Scopriamo/anticipiamo attraverso le
sue parole la “trama del film”, un falso concept, nel senso che i vari brani
rappresentano ciascuno un atto di senso compiuto, ma esiste un diario di bordo del
viaggio interstellare fantascientifico verso la costellazione della Fenice
compiuto da una donna, assolutamente comune e non specializzata, all'interno di
una futuristica astronave. Scopo del viaggio è quello di tentare di salvare
quel che di buono l'umanità è stata capace di esprimere prima di aver messo sul
campo i presupposti per la sua distruzione definitiva.
Alla fine, i vari episodi trovano il legame per realizzare
l’idea di concettualità e il vero scopo/messaggio si materializza sotto forma
di esortazione a non mollare mai, anche quando tutto sembra perduto, cercando di
risorgere dalle proprie ceneri e spiccare il volo, proprio come l'Araba Fenice.

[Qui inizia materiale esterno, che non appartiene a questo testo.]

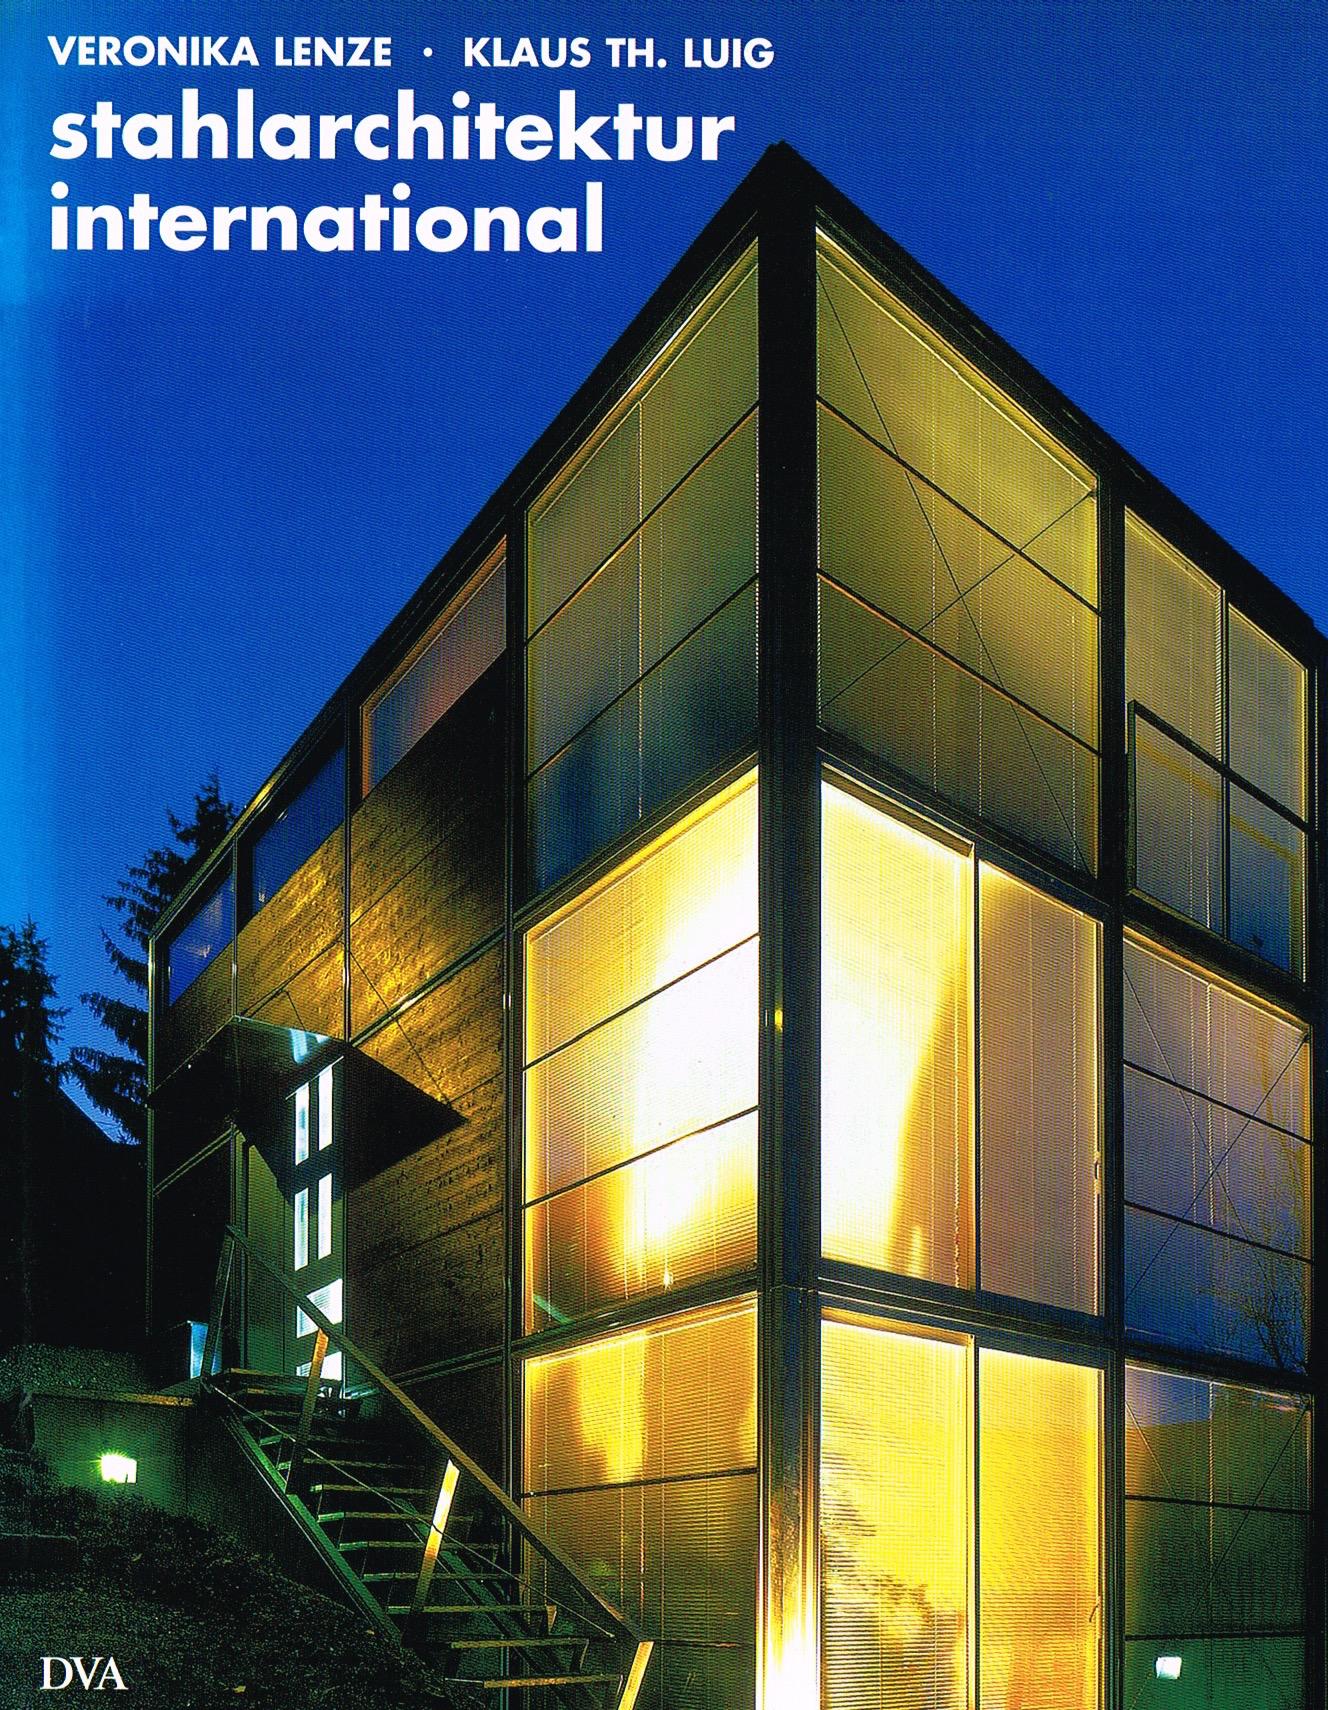 'Stahlarchitektur' : Deutsche Verlagsanstalt, Munich, 2004

Il percorso sonoro inizia con la
title track, “Anthem to the Phoenix Star”.
La protagonista compila il suo diario e si rivolge alla figlia: la meta è vicina, pochi giorni e la destinazione “terra” sarà raggiunta, ma quello che per la navicella è stato un viaggio di poco più di un anno corrisponde ai terreni 76 anni; alla fine del percorso, se la missione sarà stata compiuta con successo, il tempo sarà arretrato e mancheranno cinque anni alla nascita della destinataria dello scritto. Ma, cosa più importante, saranno disponibili dieci anni per disinnescare gli eventi autodistruttivi previsti per il 2027. L’obiettivo per madre e figlia è quello di poter leggere assieme le lettere, sperando sia possibile rivedere la vita tornare all’iniziale splendore.

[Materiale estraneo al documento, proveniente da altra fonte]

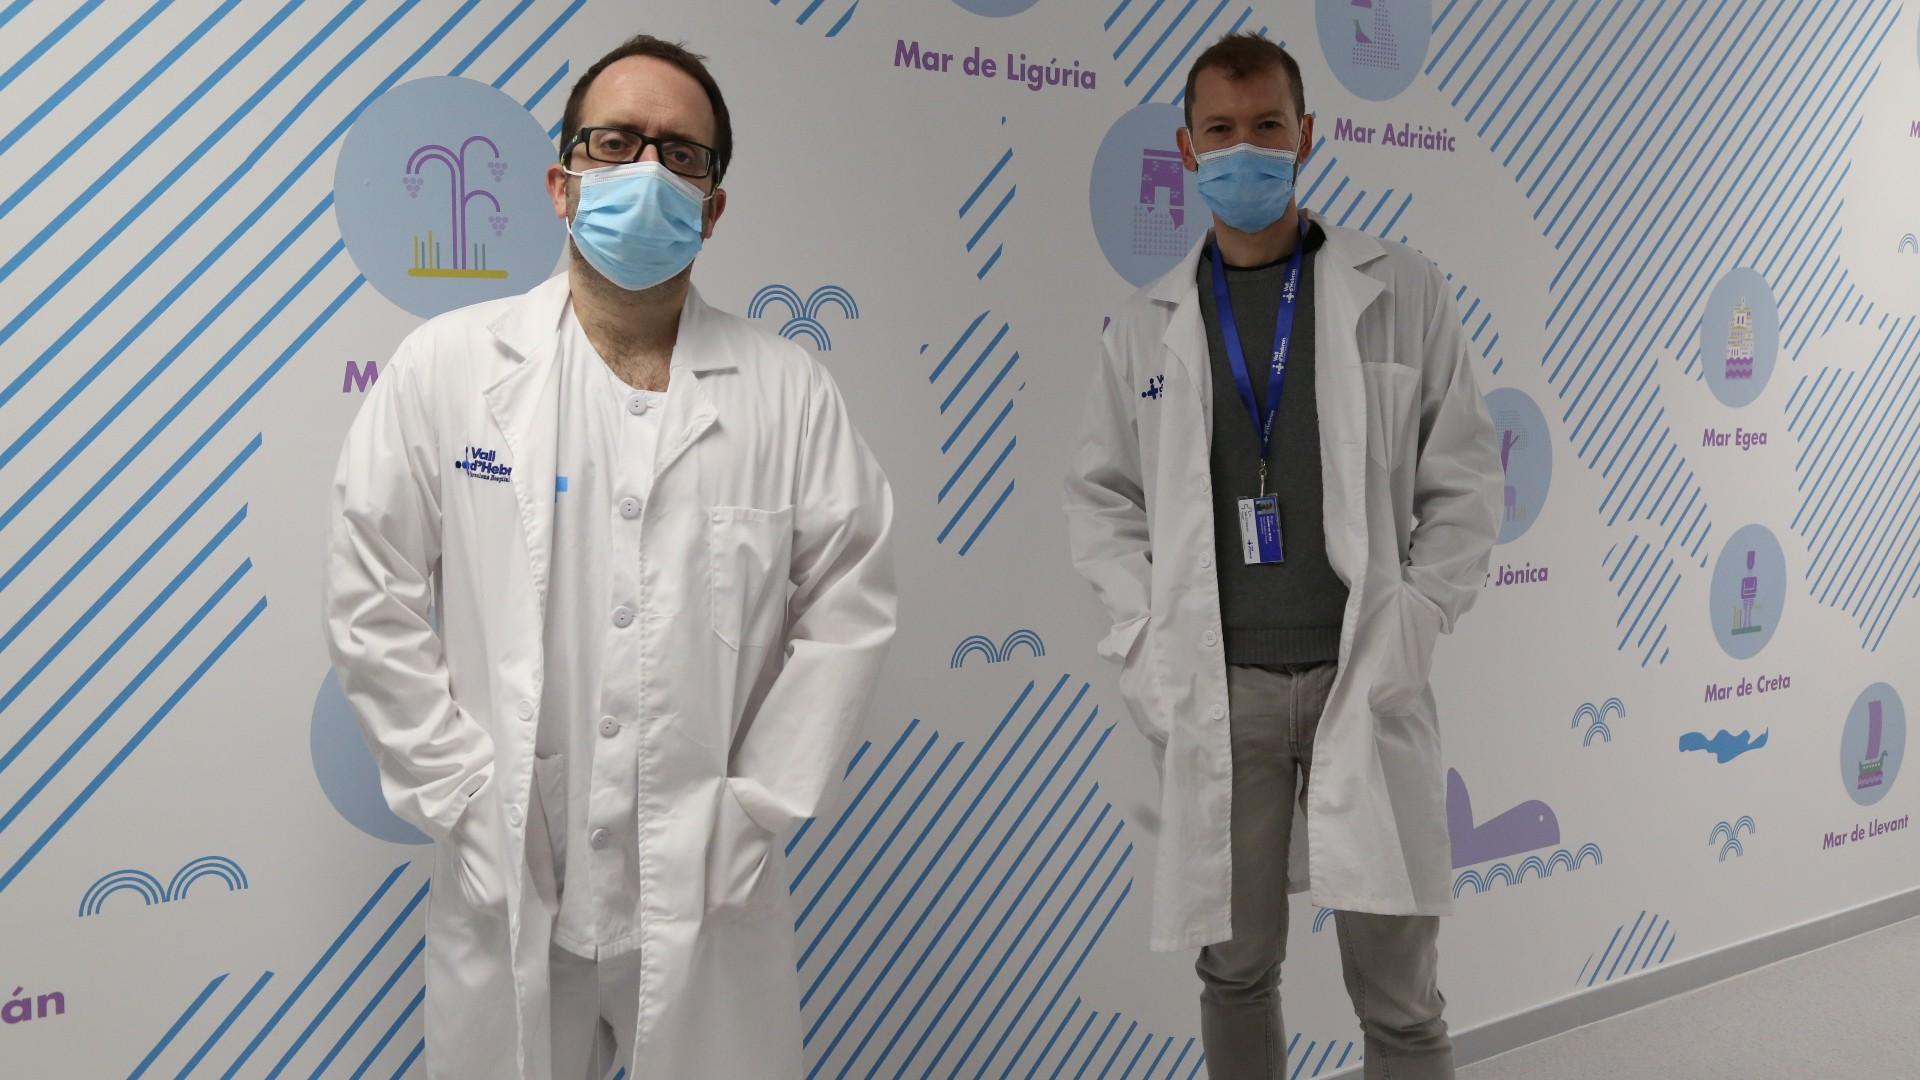 El Dr. Pere Soler i el Dr. Roger Colobran del Vall d'Hebron Institut de Recerca

Un inizio icastico, non facile da descrivere attraverso le sonorità tradizionali. La libertà espressiva del prog permette questo ed altro. A livello strumentale, oltre ai soliti tre - Bernard, Pörsti e Grieco - che compaiono in tutti i brani e che quindi non nominerò più, troviamo Juhani Nisula alla chitarra elettrica e acustica, Marek Arnold al sax alto e soprano e la calda voce di Clive Nolan.
Caratterizzanti appaiono i fiati, che forniscono immagini
spaziali e drammatiche, mentre la solista e le fughe di sintetizzatore producono
atmosfere distopiche, aggettivo che credo di avere più volte utilizzato nel
commentare i “lavori samurai…”.
Uno start emozionate e coinvolgente!
Segue “Burning Silence”.
Prosegue il dialogo a distanza tra
madre e figlia e il cuore si apre, la mente ritorna alla giovinezza, quando la
vita sembrava noiosa e routinaria e darle un senso sembrava esercizio inutile.
Chiudere gli occhi e sognare sembrava abbastanza, e per trovare sfogo alla
piattezza era sufficiente tuffarsi nell’alcool con persone poco raccomandabili.
Quanto può bruciare il silenzio e quanto è difficile non farsi avvolgere dalle fiamme!
Ruben Alvarez alla chitarra elettrica, Sara Traficante al flauto e Bart
Schwertmann alla voce sono gli strumentisti aggiunti.
Brano dai tempi cangianti, tra elementi classici e rock spaziale, il tutto focalizzato sulla rappresentazione dei sentimenti da parte di una madre che, riannodando i fili della sua storia, si ritrova e pensa a rimediare, avendo forse a disposizione una seconda possibilità.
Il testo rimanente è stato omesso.